For mobile network operators, the event serves not just as a technical challenge but as a branding and performance showcase, testing their ability to deliver high-speed, high-capacity mobile service under extreme conditions.
According to data from Ookla’s Speedtest Intelligence, Three emerged as the top performer across most core metrics. With a median download speed of 347.66 Mbps, over twice as fast as rivals.
Three leveraged its large contiguous mid-band spectrum holdings and relatively light user load per antenna to deliver superior service. The structural advantage also led Three to top quality-of-experience indicators, such as web browsing, gaming latency, and video call performance.
Yet performance under pressure tells a more complex story. EE offered the most consistent service during peak congestion, leading 10th percentile speeds for both download and upload.
Even in the most strained network conditions (when signal is weak or user density high), EE subscribers were more likely to stream and share content uninterrupted.
Luke Kehoe, analyst at Ookla attribute this to EE’s diverse spectrum portfolio, which enables broad carrier aggregation and strategic traffic distribution across low and mid-band frequencies.
Vodafone and O2, while trailing Three and EE, still posted notable year-on-year improvements. Vodafone’s performance was a tale of two networks: it achieved the best signal strength and impressive coverage thanks to high site density and strong low-band deployment, but struggled with 10th percentile speeds, suggesting congestion issues, particularly on its 5G layer.
Despite these limitations, Vodafone played a pivotal role as the official "Connectivity Partner", powering eSIM trials, public Wifi zones, and 5G payment terminals.
O2, meanwhile, posted the lowest performance overall, hampered by limited spectrum resources and the largest user base per sector.
Still, it too recorded a 25% improvement in median download speeds over the previous year, owing to the addition of spectrum through 3G refarming and wider 5G low-band use.
Technically, delivering reliable service in such a setting is no small feat. Worthy Farm is not a stadium, it’s a field with minimal permanent infrastructure. Each year, operators deploy a network of temporary “cells on wheels” (COWs), power generators, and fibre or microwave backhaul links, all of which must be installed in under a month and removed just as quickly.

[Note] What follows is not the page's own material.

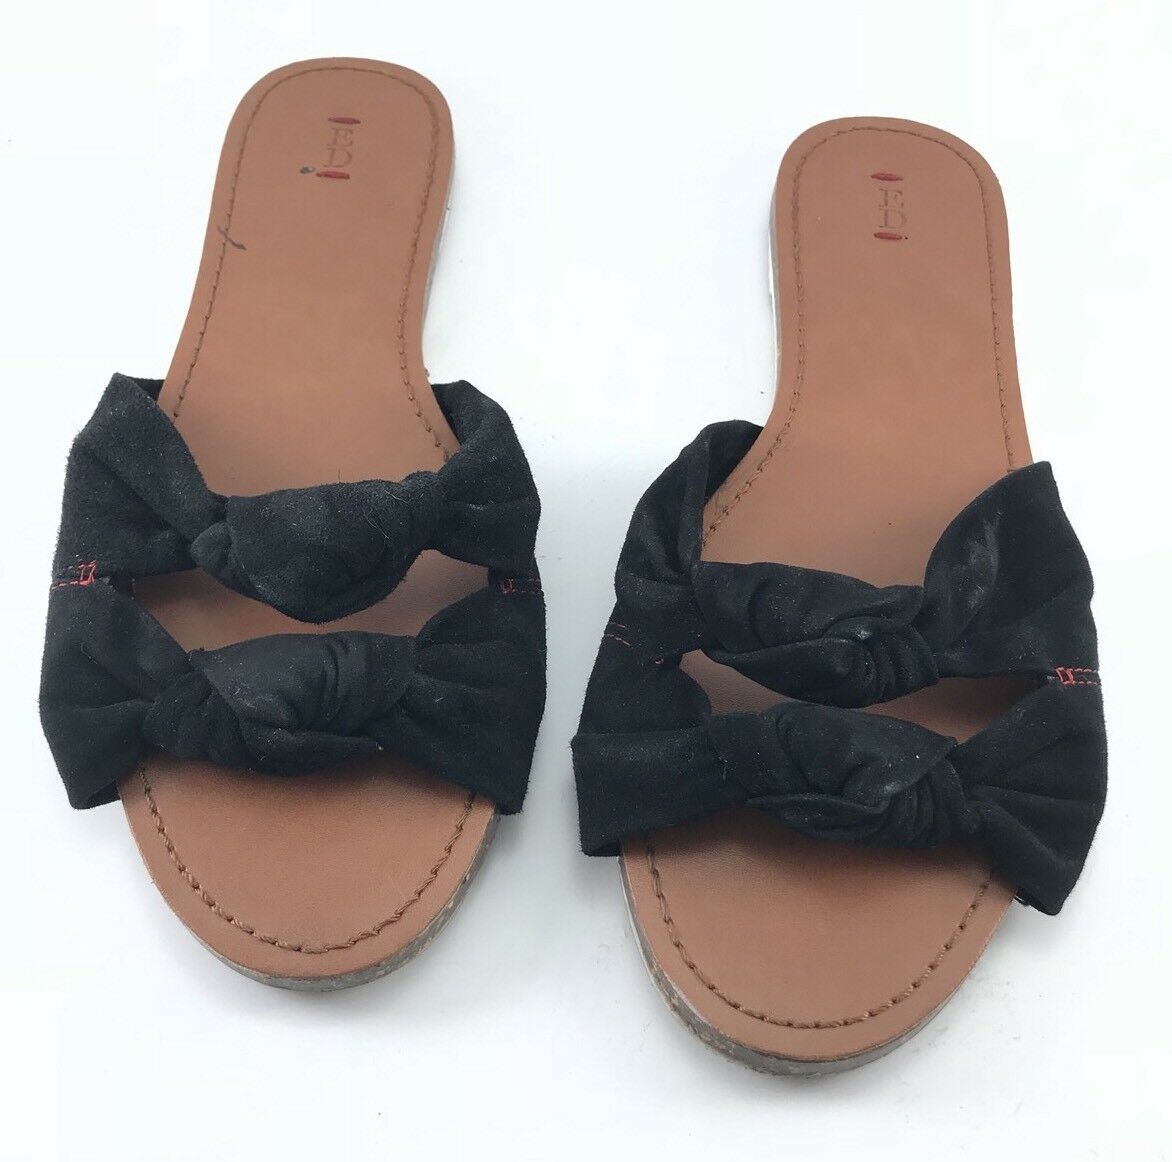 ED ELLEN DEGENERES Black SuedeBow Size Leather Womens Love Sandals Size SuedeBow 9 f096fa

As operators prepare for Glastonbury’s return in 2027, following a traditional fallow year in 2026, the UK mobile landscape will look very different.
The Vodafone-Three merger, new mmWave spectrum, and increasingly advanced 5G standalone configurations will reshape the competitive field. But one thing is certain: Glastonbury will remain a marquee moment—where networks are tested, reputations are built, and the UK’s digital future gets its festival debut.